Problem to solve
Write out the data exactly, please, and omit the pictures.

Data below
_____

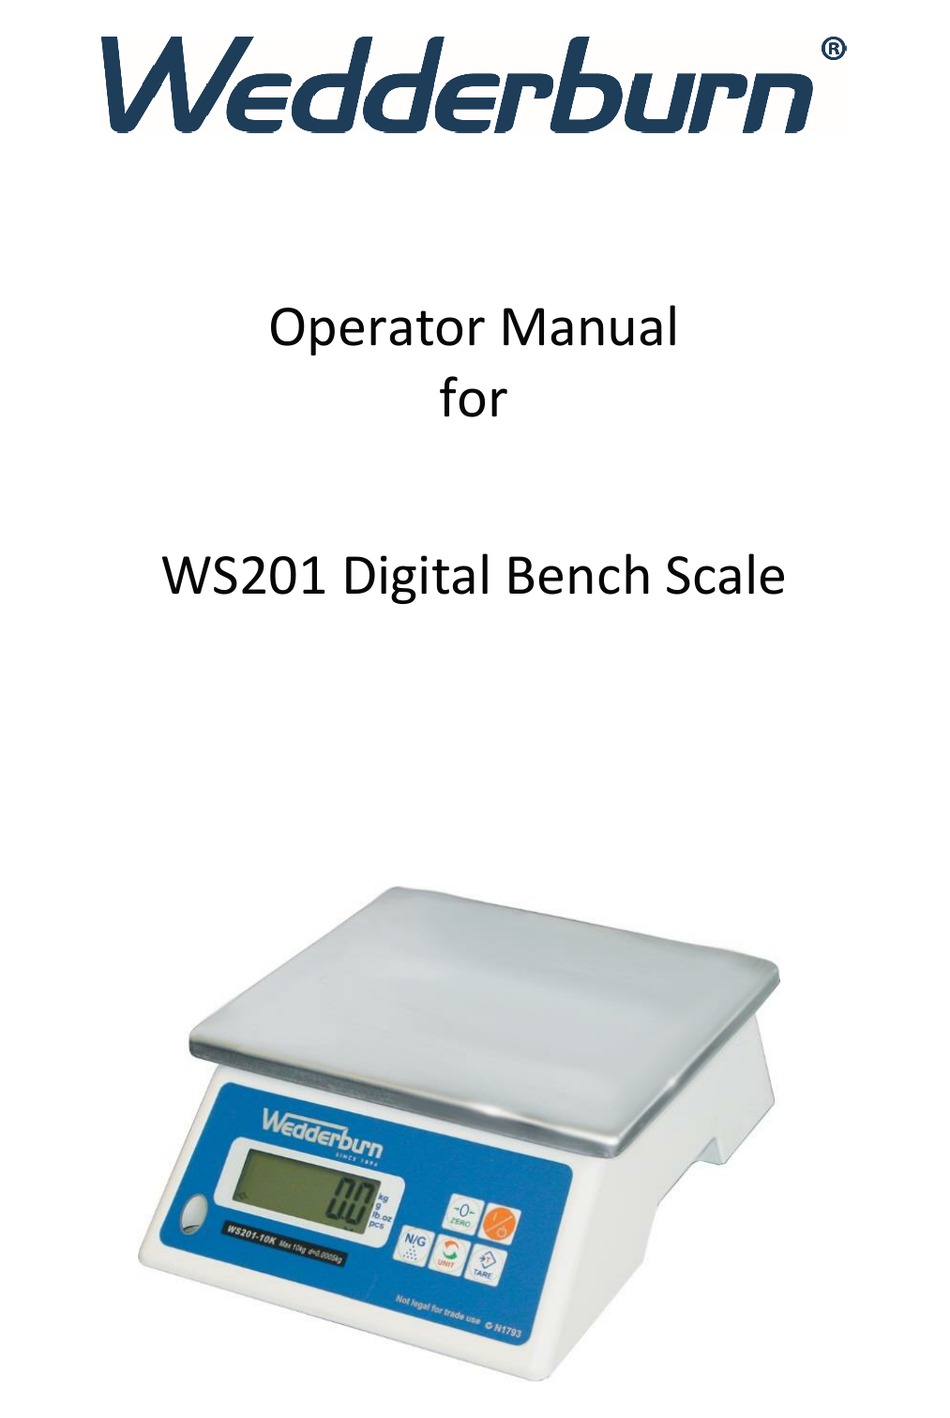 WEDDERBURN WS201 OPERATOR'S MANUAL Pdf Download | ManualsLib
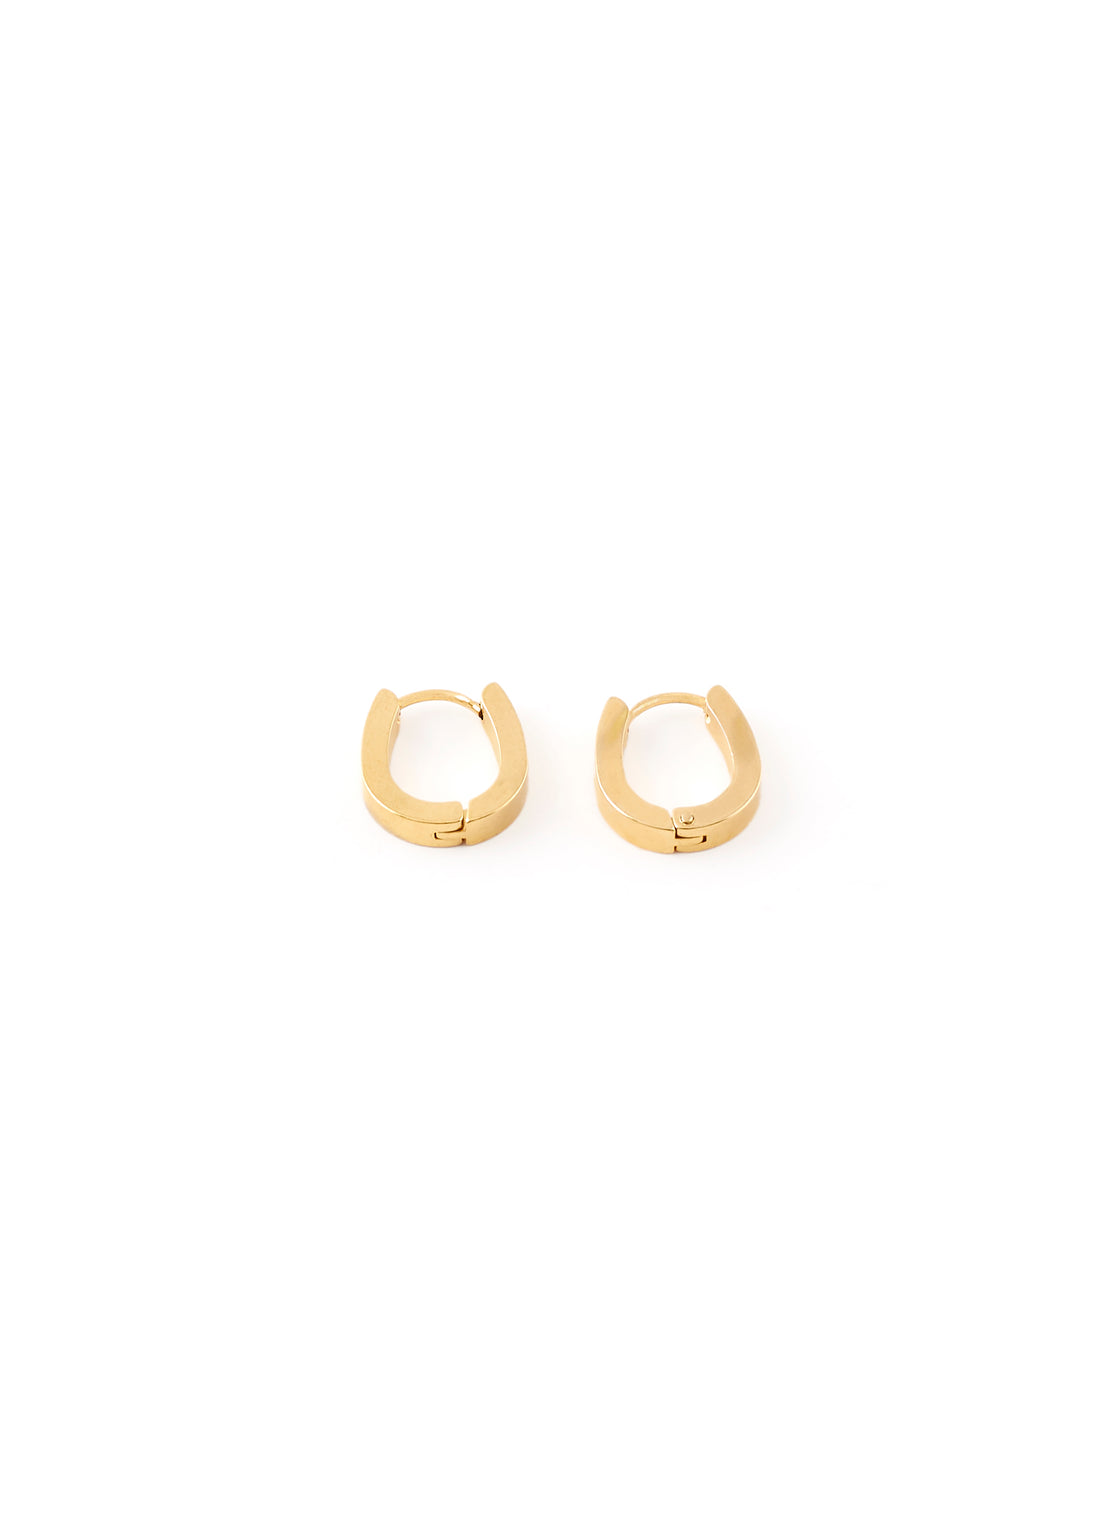 Gold Pear Shape Hoop Earrings - Jessimara
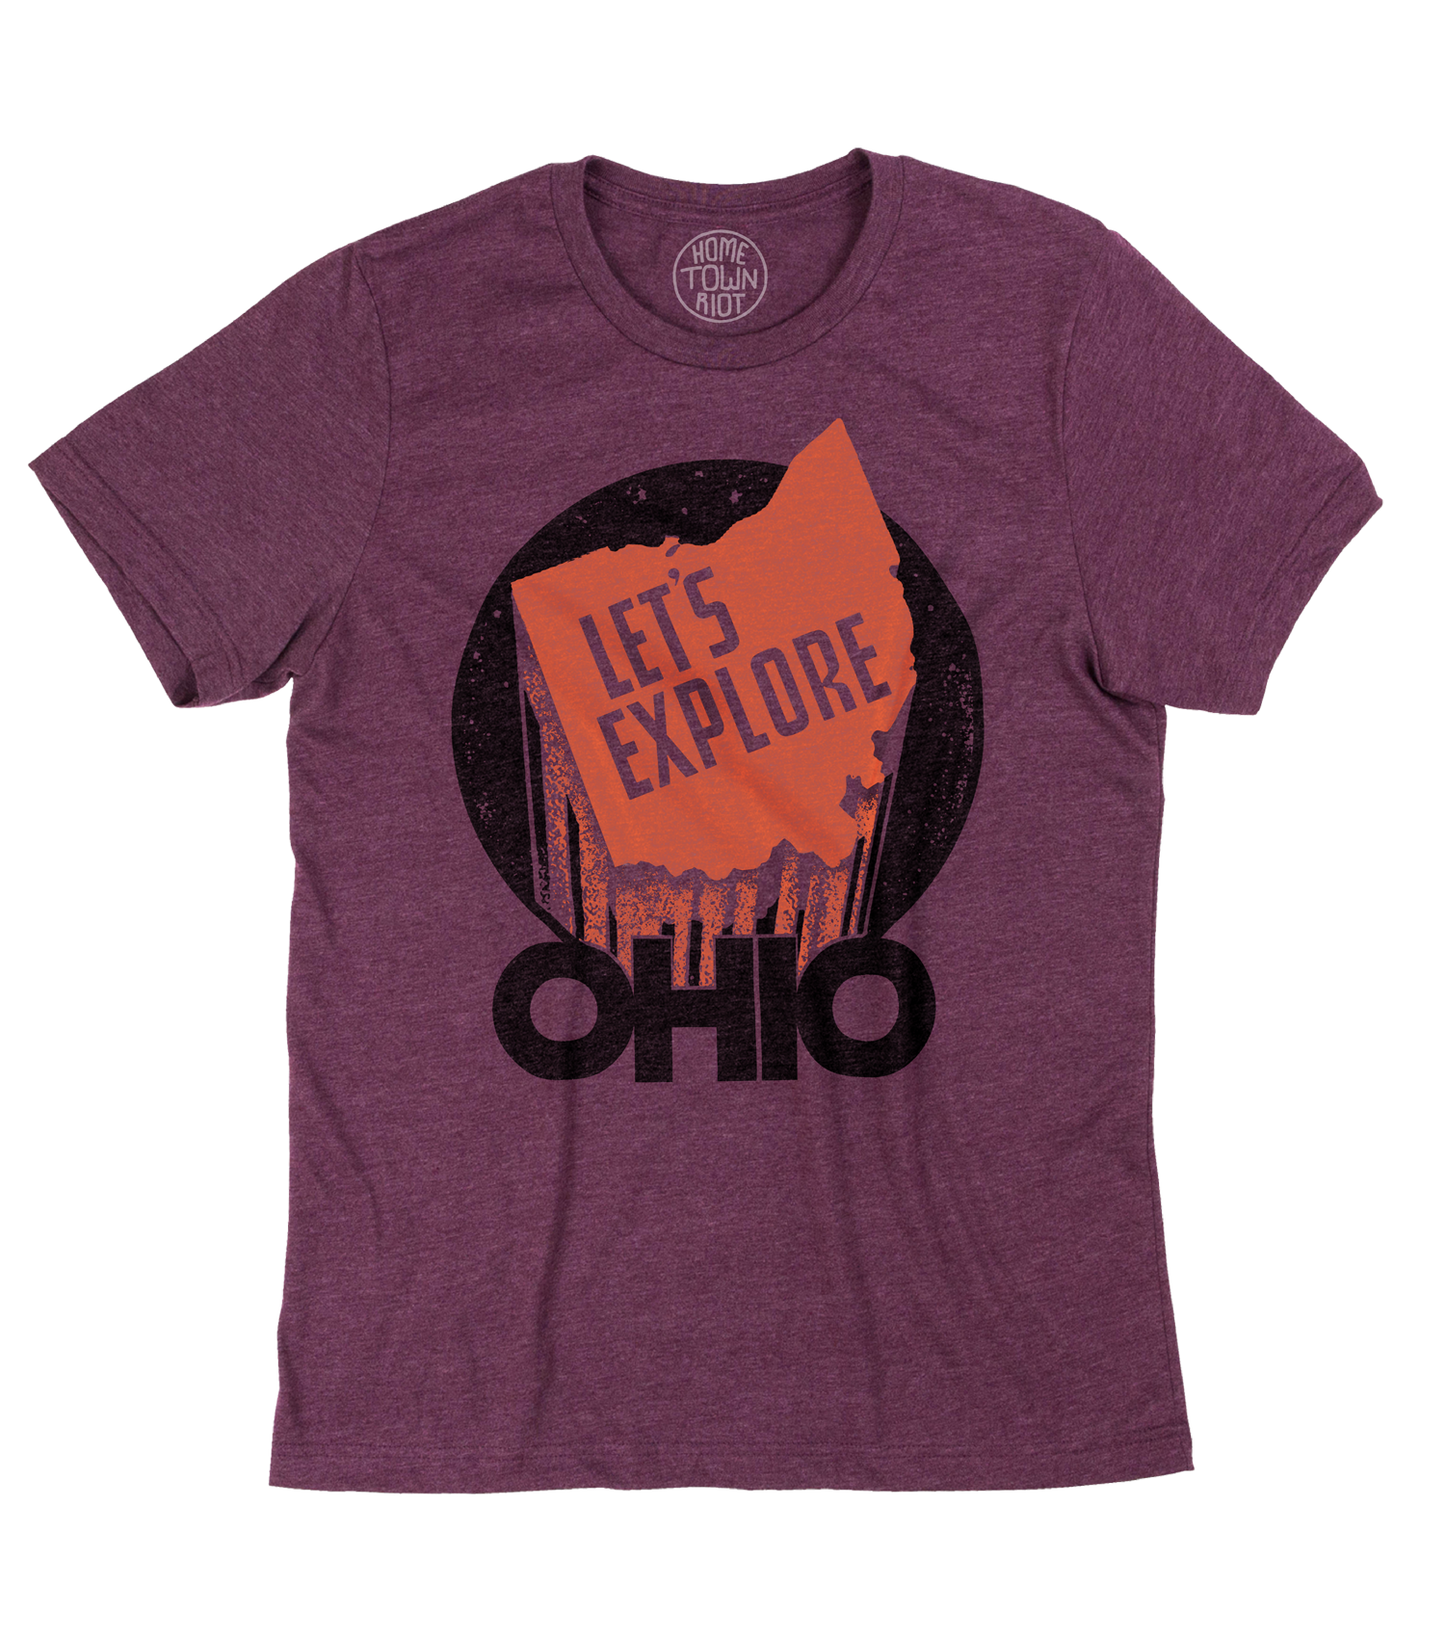 Let's Explore Ohio Shirt
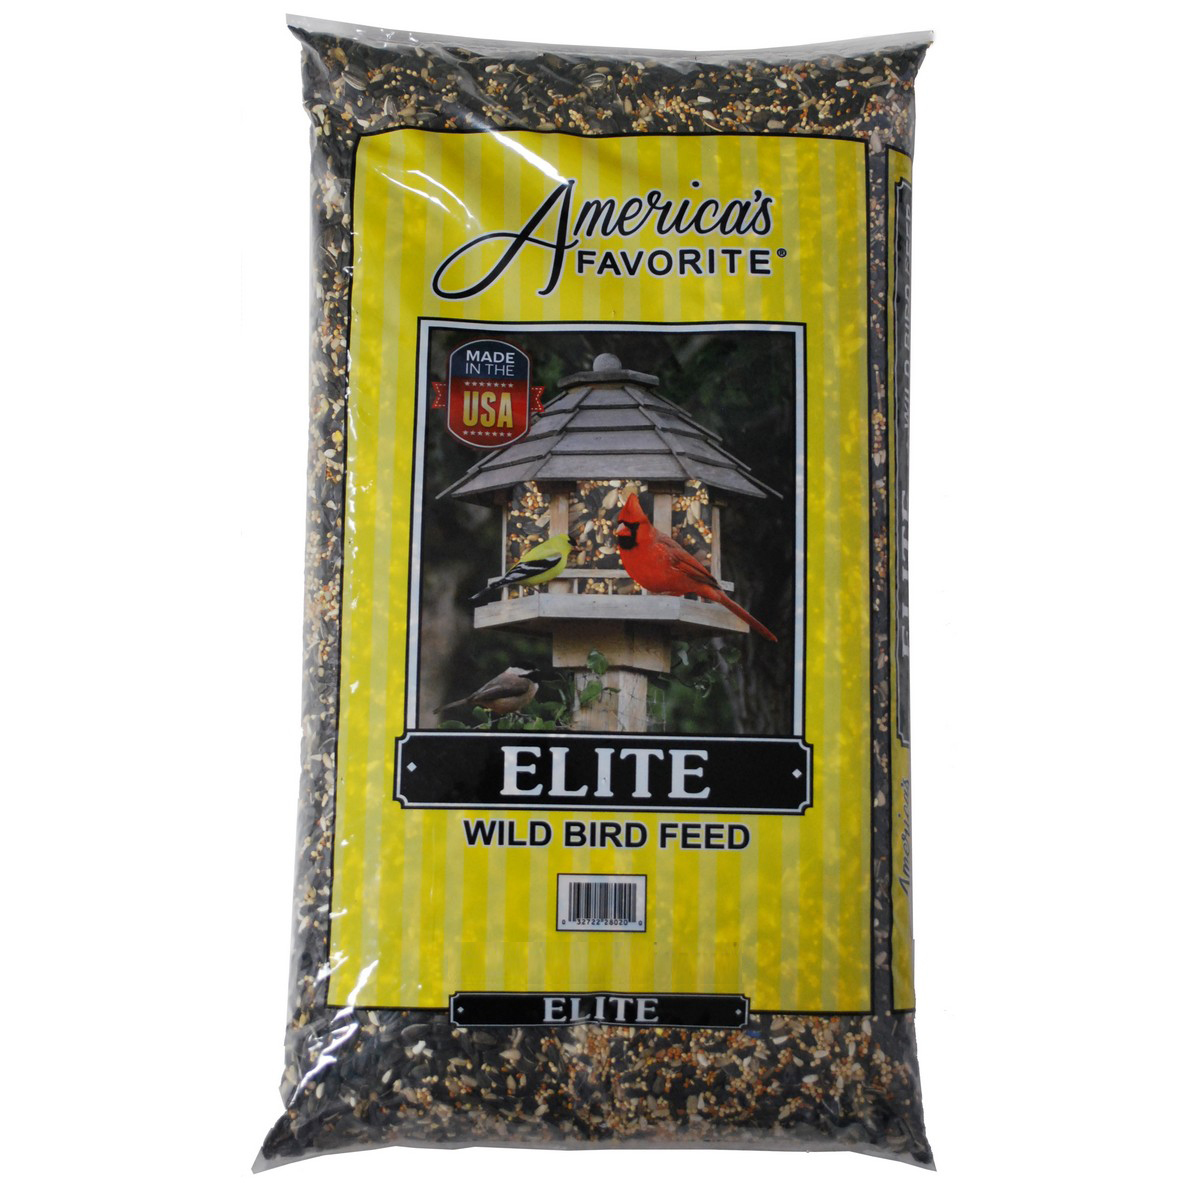 Picture of Americas Favorite 280020 10 lbs Elite Wild Bird Feed Yellow Stripe Bag, Yellow Stripe

_____

Result of the task
 WEDDERBURN WS201 OPERATOR'S MANUAL Pdf Download | ManualsLib
 Gold Pear Shape Hoop Earrings - Jessimara
 Let's Explore Ohio Shirt
 Picture of Americas Favorite 280020 10 lbs Elite Wild Bird Feed Yellow Stripe Bag, Yellow Stripe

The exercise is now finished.